- Born: November 15, 1815 Erie County, Pennsylvania
- Died: April 29, 1888 (aged 72) Gay Hill, Washington County, Texas
- Education: Waterford Academy Jefferson College Presbyterian Western Theological Seminary
- Occupations: Clergyman, educator
- Title: Reverend
- Spouses: Elizabeth McKennan; Elizabeth Scott Stuart;
- Children: 4 sons, 3 daughters
- Parent(s): Jeremiah Miller Elizabeth (Weston) Miller

= James Weston Miller =

American Presbyterian minister (1815–1888)

James Weston Miller (1815-1888) was an American Presbyterian minister, educator and Confederate chaplain in Texas during the American Civil War. He helped establish the First Presbyterian church in Houston and many Baptist and Methodist churches and schools for blacks. He also taught many daughters of the Southern aristocracy at the Live Oak Female Seminary in Gay Hill, Texas.

==Biography==

===Early life===
James Weston Miller was born on November 15, 1815, in Erie County, Pennsylvania. His father was Jeremiah Miller and his mother, Elizabeth (Weston) Miller. He had eight siblings. His family was Methodist.

He graduated from Waterford Academy in 1835 and graduated from Jefferson College in Canonsburg, Pennsylvania, in 1840. He then graduated from the Presbyterian Western Theological Seminary in Allegheny, Pennsylvania.

===Career===
He served as assistant to Matthew Brown, the President of Jefferson College, his alma mater, in 1841. He then became a Principal at the Grove Academy in Steubenville, Ohio, where he became friends with Dr Charles Clinton Beatty, the President of Steubenville Female Seminary, until 1843.

He moved to Houston, Texas, in 1844. He gave sermons in the Texas Capitol, sometimes attended by Sam Houston, the President of the Texas Republic. A year later, in 1845, he oversaw the construction of the First Presbyterian Church of Houston. He served as Presbyterian minister there from 1847. Theologically, he believed that salvation was for the living, and that one could not repent just before death. He also became a delegate to the Presbyterian General Assembly that same year. He was a member of the Texas Literary Institute. In 1849, he helped decide on Huntsville, Texas, as the location of the Presbyterian Texas College. He also helped charter Austin College in Austin, Texas, where he served on the Board of Trustees from 1849 to 1878.

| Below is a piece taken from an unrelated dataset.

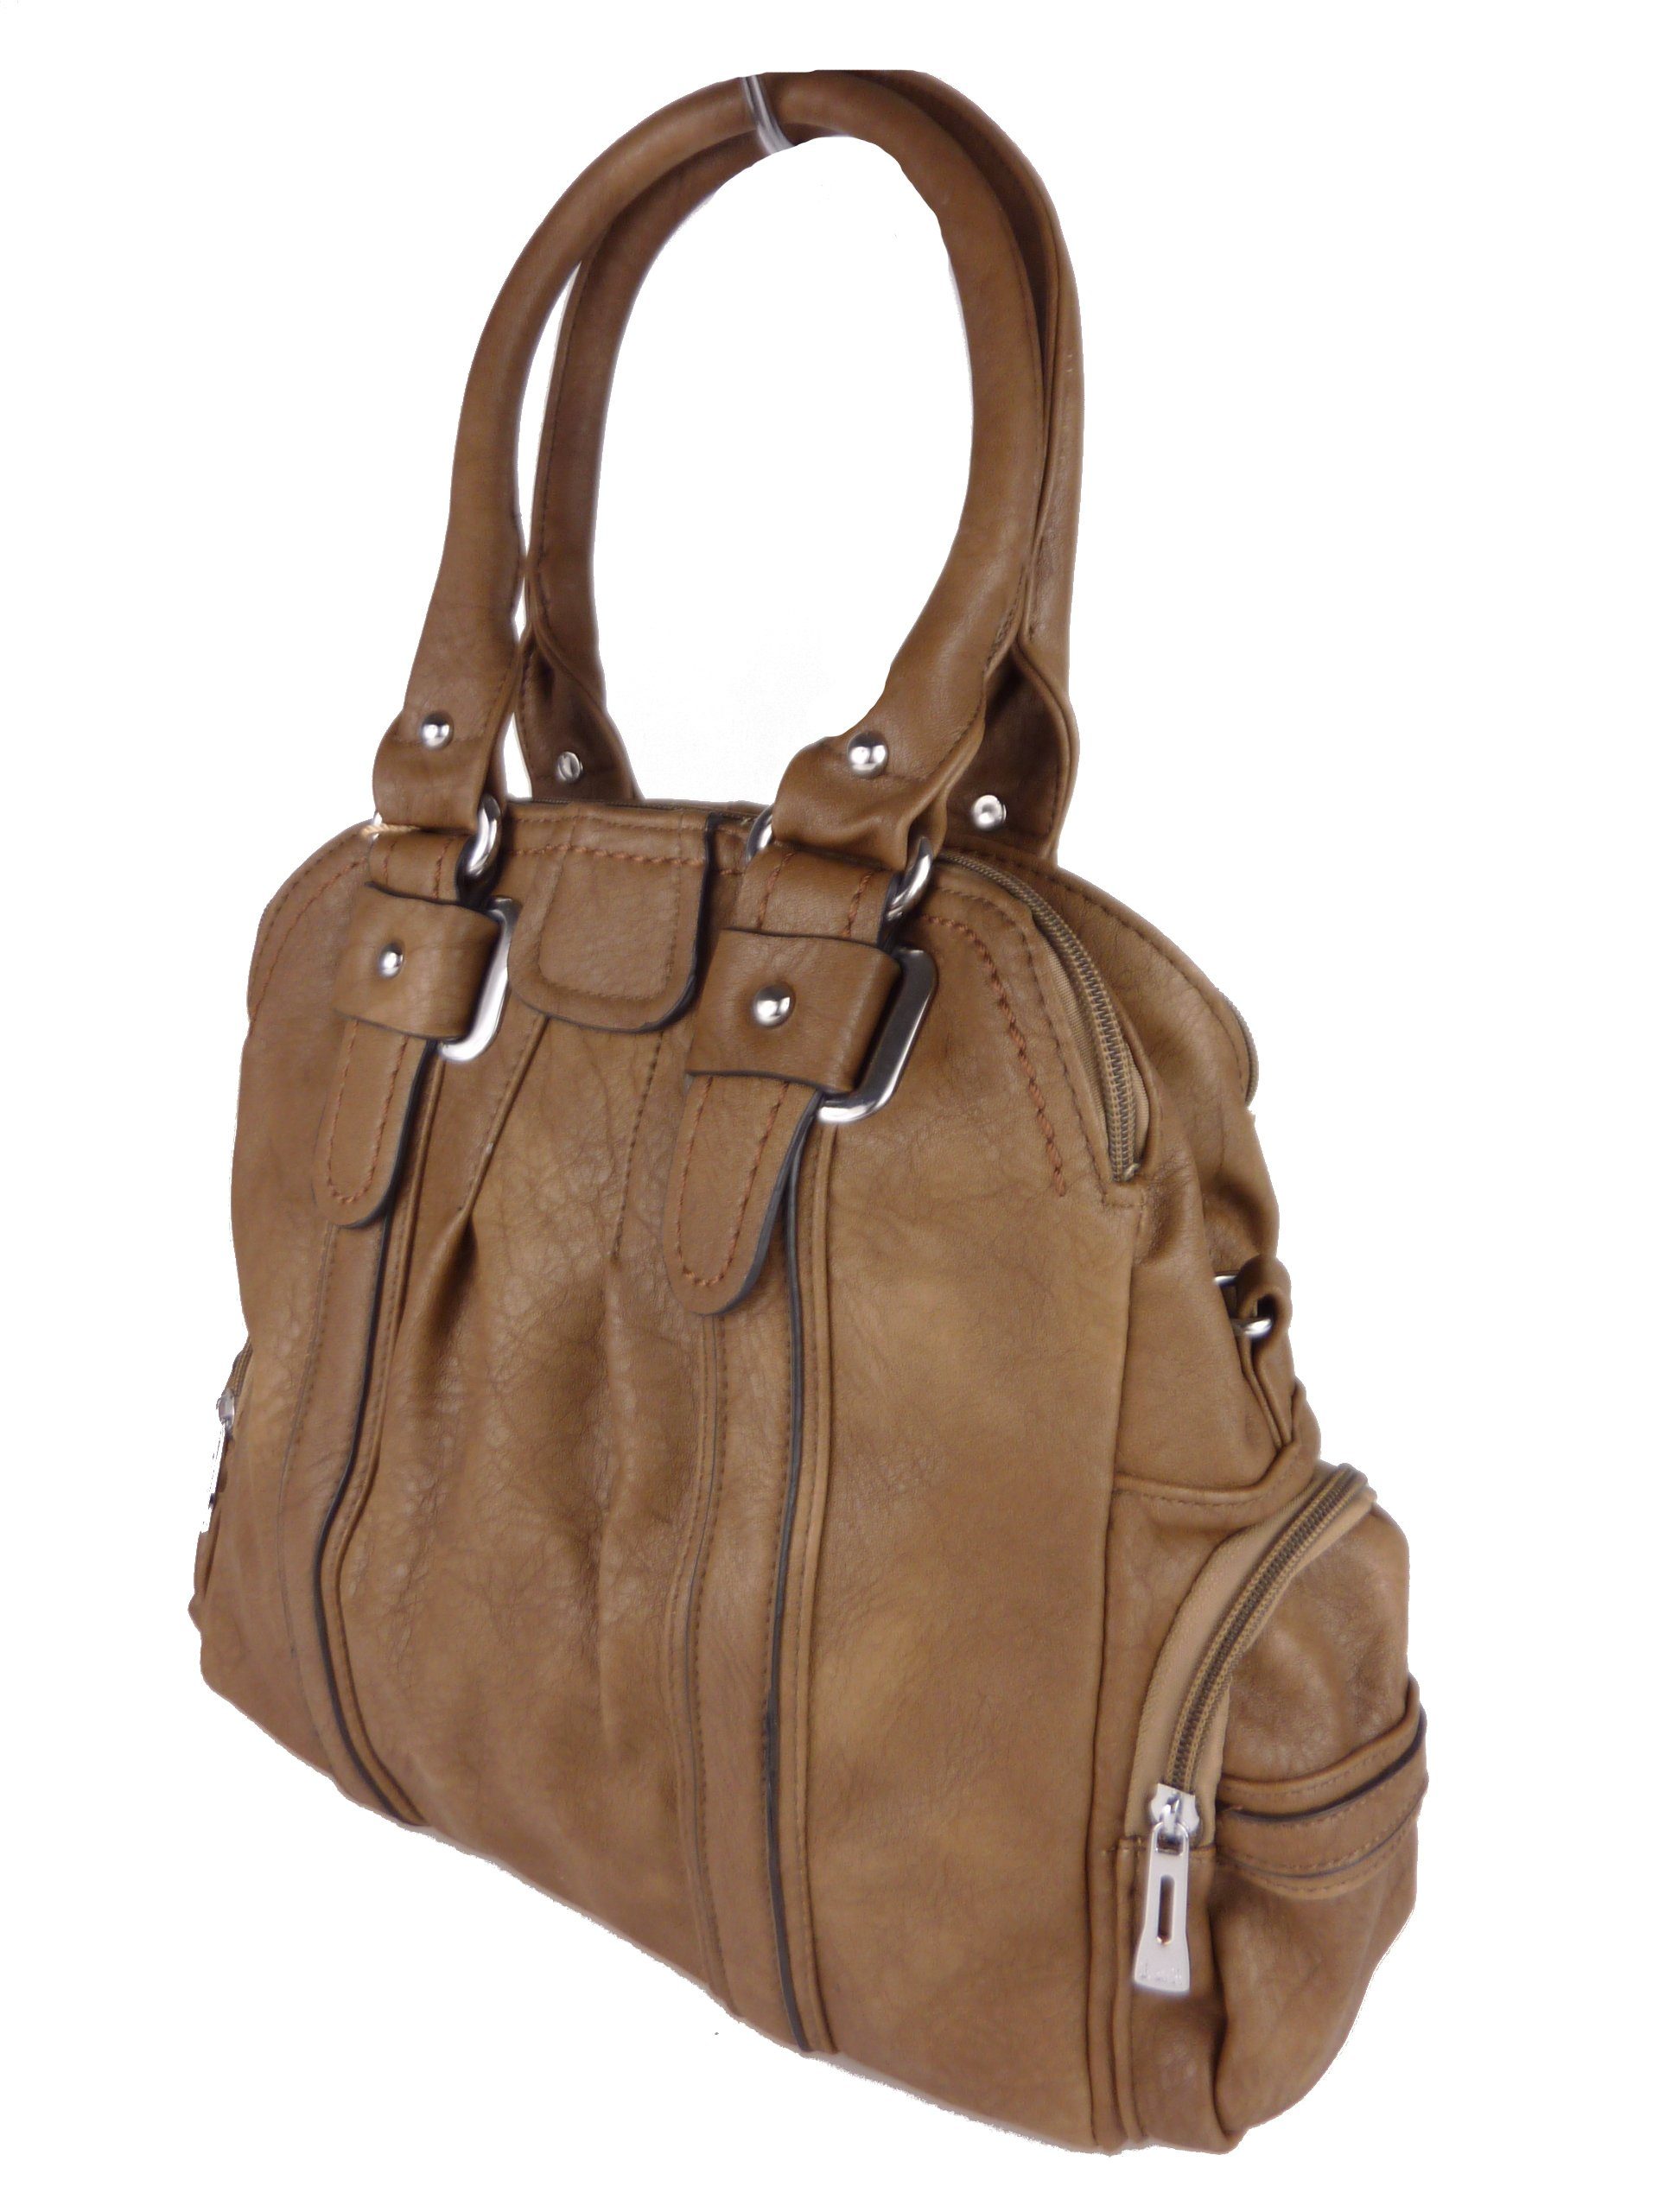 mud Handtasche Taschen4life color sportlich, & Schulterriemen, mit langen Tote Handtasche & Tragegriffen hobo elegant bag, T25 Schultertasche, klassiche

In 1850, he moved to Gay Hill, Washington County, Texas, a small town home to the Mount Prospect Presbyterian Church, where he served as Presbyterian minister for one year. The church was the second oldest Presbyterian church in Texas, having been established by Hugh Wilson in 1839. The following year, in 1851, he became the first clerk of the Synod of Texas in Austin, Texas. From 1851 to 1861, he was a pastor in Washington-on-the-Brazos. Meanwhile, he established the (now defunct) Live Oak Female Seminary in Gay Hill, where he taught many daughters of the Southern aristocracy.

He was a minister to many blacks, included those on the Glenblythe Plantation owned by Thomas Affleck in Gay Hill. During the American Civil War of 1861-1865, he served as a Confederate chaplain under Brigadier General Thomas Neville Waul. Shortly after the war, he helped establish many Baptist and Methodist churches, cemeteries and schools for blacks.

He taught at the Post Oak Academy from 1865 to 1867. He then resumed his ministry in Washington-on-the-Brazos up until 1876. From 1877 to 1880, he was a pastor in Galatia, Texas. He also served as minister in Round Top, Brenham, and Chapel Hill. In 1881, he joined the Board of Trustees of the Stuart Academy in Austin, founded by his sister-in-law, Rebecca Stuart.

He made mustang wine every fall.

===Personal life===
He married Elizabeth McKennan in 1847. They had two sons. She died in 1850, he got remarried to Elizabeth Scott Stuart, his first cousin, in 1852. They had two sons and three daughters.

===Death===
He died on April 29, 1888, in Gay Hill, Texas.

==Legacy==
His private residence, Oak Lodge, also known as "the old Miller Home," was dedicated as a library-museum in 1933.